This preoccupation for insertion into the local Church has always been present among the monasteries of the Continent and has guided the joint reflection of monks and nuns. In this respect we can say that today, discretely and without showmanship, conscious of our responsibility to the Church, in all our monasteries we try to share with all the People of God what the Spirit has given us for our life and holiness by means of the monastic charism. Here again we see diversity. Most of our communities, both Benedictine and Cistercian, founded after the Council, with simple and moveable structures, can live this communion through sharing the liturgy and in their guesthouses, and with further services in the local community in some cases. Other monasteries are committed to society through education, with their schools and faculties, some of them being cultural centres in the great cities, above all in Brazil. Now some of these communities find themselves in difficulties in trying to fulfil their commitments because many young monks do not have the vocation to teach nor interest in research or in having a direct relationship with the surrounding world of culture. It is also true that among new vocations the general tendency is a call to a monastic life “intra-muros”, in the words of Abbess Vera Lucia, President of CIMBRA.
Abbot Benito Rodriguez, president of SURCO, in a letter he wrote me, had these important words to say, “ In most of our monasteries you could say that the monastic values received from the founding generations have already taken root, resulting in a healthy equilibrium between the tradition received and the concrete reality of each community. We value what we received from those who went before us and we keep an open attitude to what God is asking of us today.” It cannot be doubted that the way each community has developed and monastic unity throughout the continent has made it possible for us all to feel that we belong to the monastic tradition. Such a diverse and multiform way of living this tradition is the synthesis of the origins of the houses and their congregations on the one hand and the social, cultural and religious background in which the foundation was made.

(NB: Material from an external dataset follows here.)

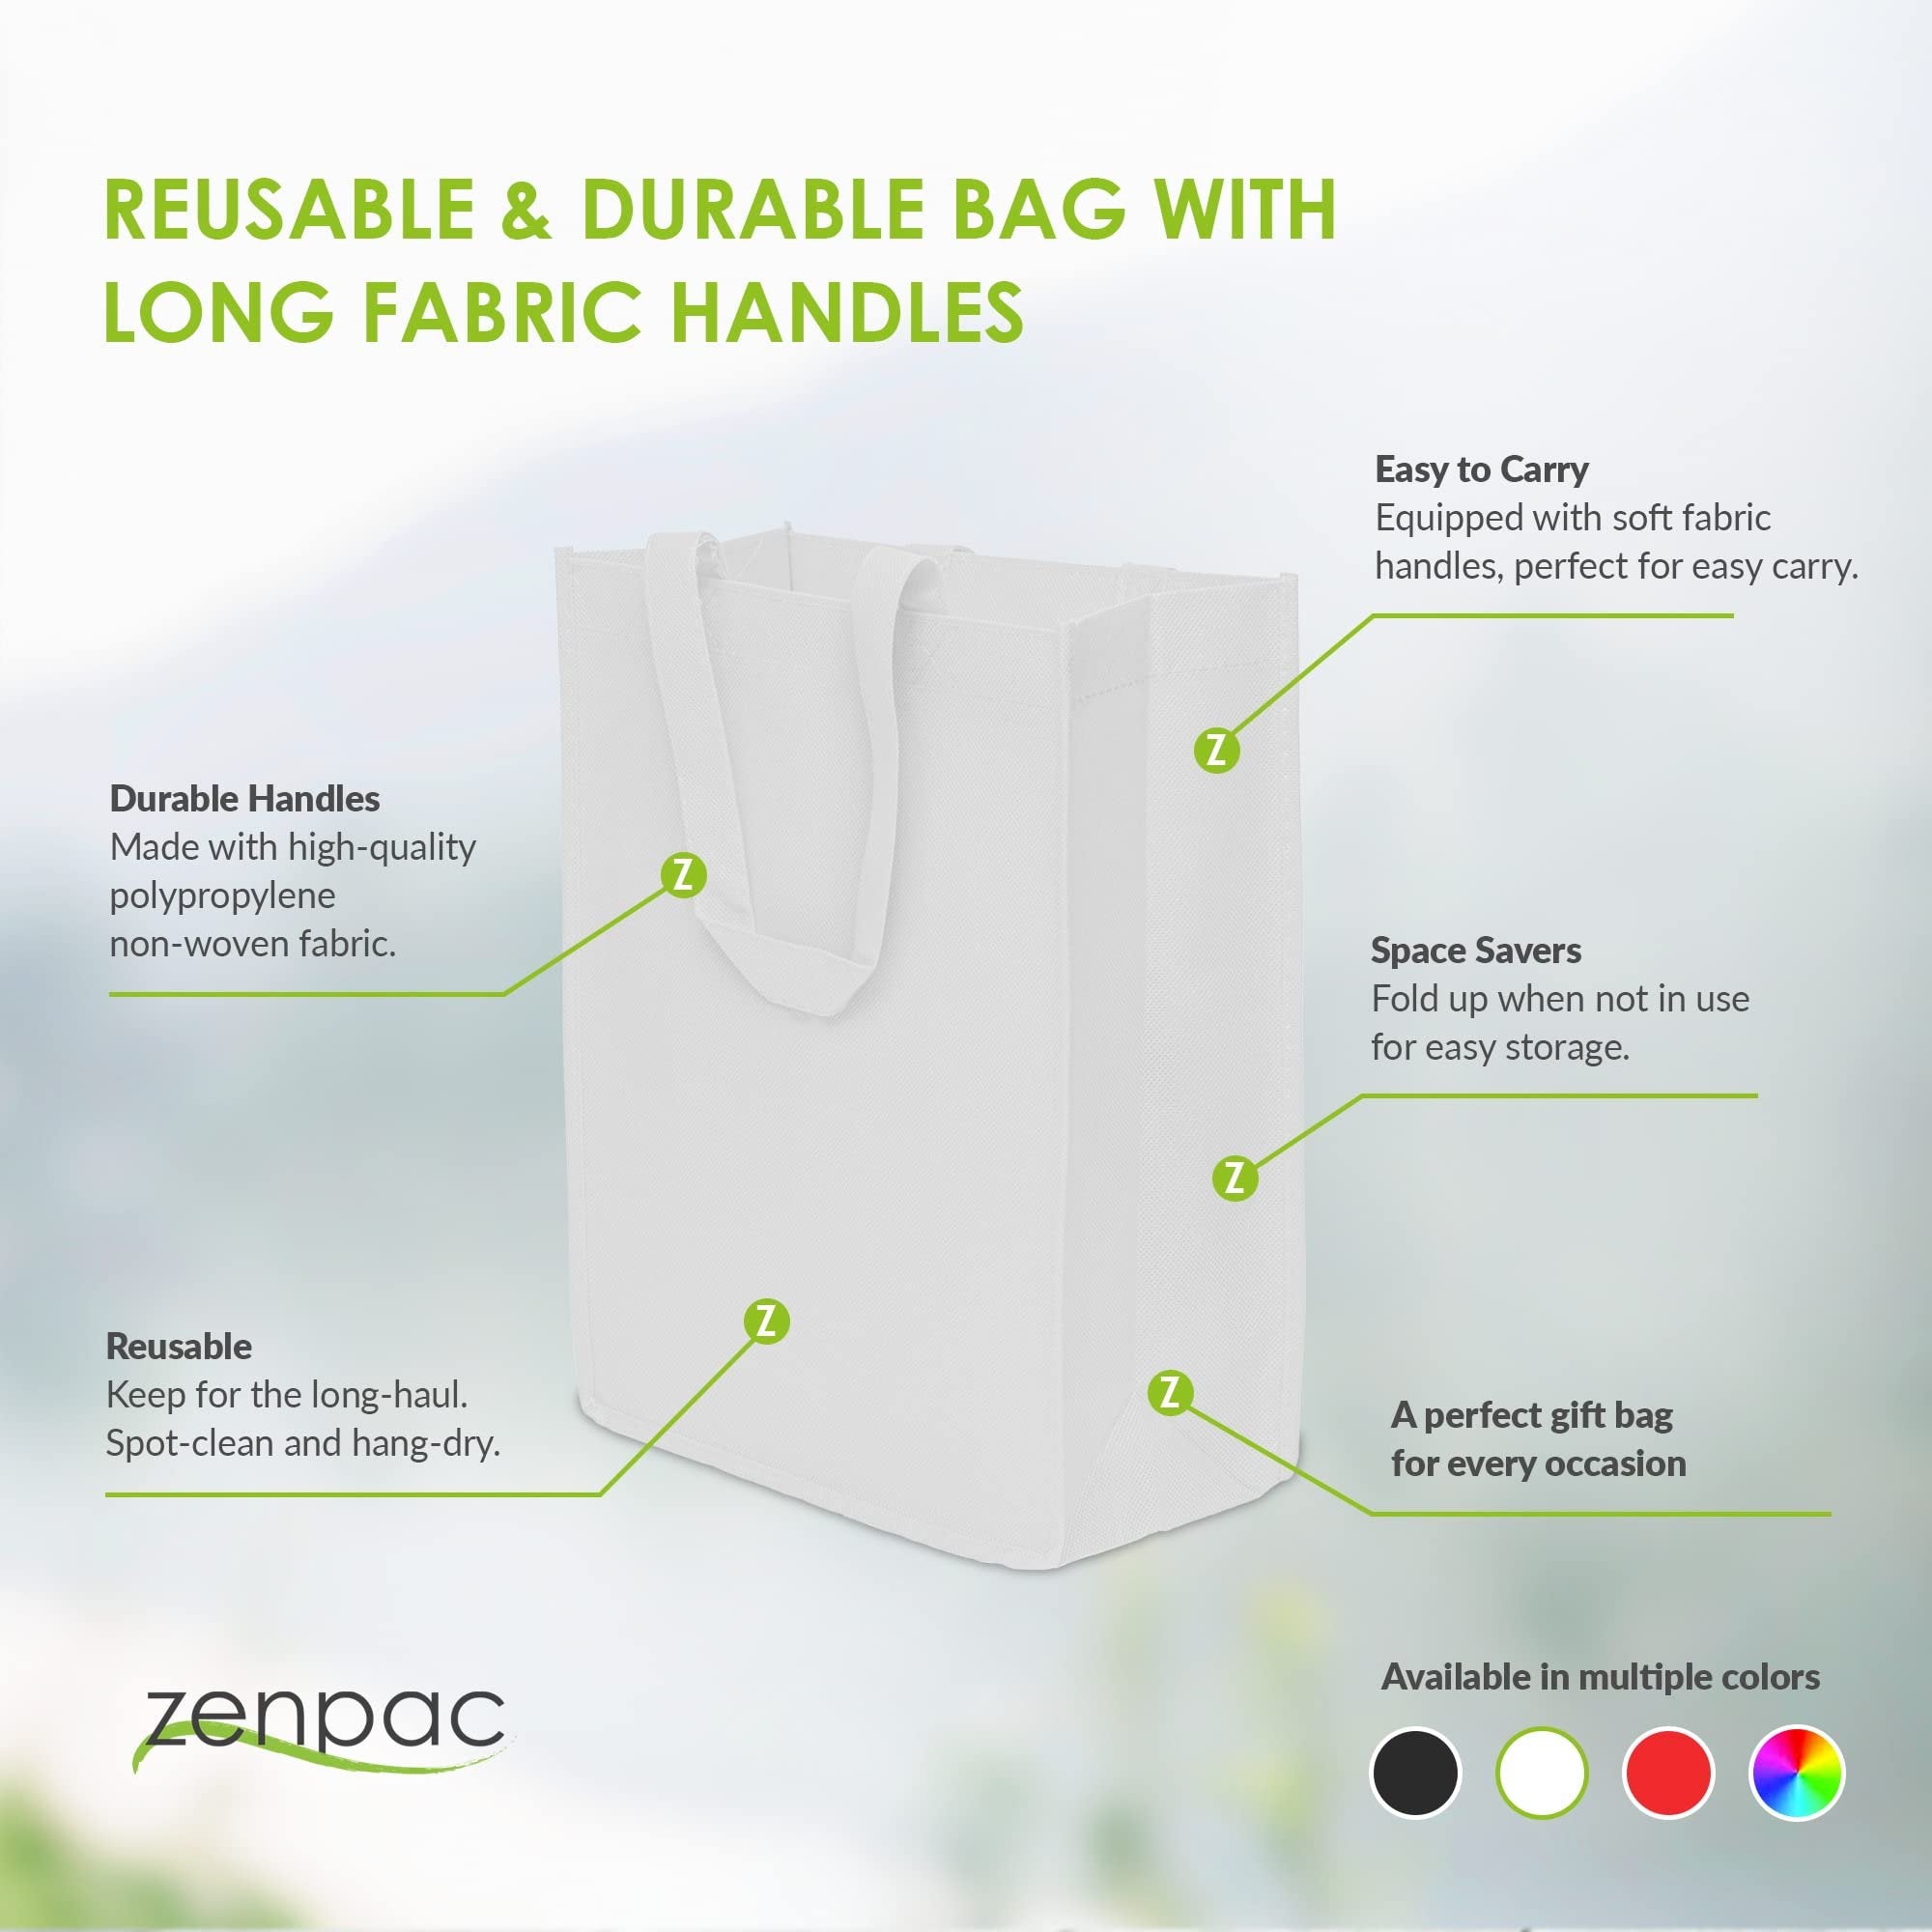 Reusable Bags - 12 Pack Medium White Heavy Duty Tote Bag with Handles, Blank Totes with Durable Stitched Handles for Grocery Shopping, Gifts, Retail, Small Businesses, Boutiques, Bulk - 10x5x13

This rich and diverse heritage is still maintained in the monasteries that make up the Congregation of the Cono Sur, where you can still see signs of the monasteries and congregations that founded them. Today we note a more open, universal attitude, less jealous of autonomy and regional differences. So then, if at the beginning of this continental monastic dialogue that we have been talking about, there were worries about the possibility of association, even in the case of AIM, for fear of “depending on some distant authority”, today, without abandoning this basic principle of our life, you can sense a calmer and less anxious attitude. There have even been processes that would have been deemed inacceptable in other times. For example, the monastery of Ponta Grossa has passed from the Brazilian to the Subiaco Congregation after discerning that the life and mentality of the community were more in tune with the latter. Another example is the Monastery of Santa Rosa in Rio Grande do Sul, which for the moment is comes under the local bishop. In the Subiaco Congregation there seems to be little interest in the proposal of the formation of a South American province separate from the Spanish Province. Both Latin Americans and Spaniards consider it a great advantage to meet and discuss in our Chapters although it is inconvenient to have the Visitor crossing the Atlantic.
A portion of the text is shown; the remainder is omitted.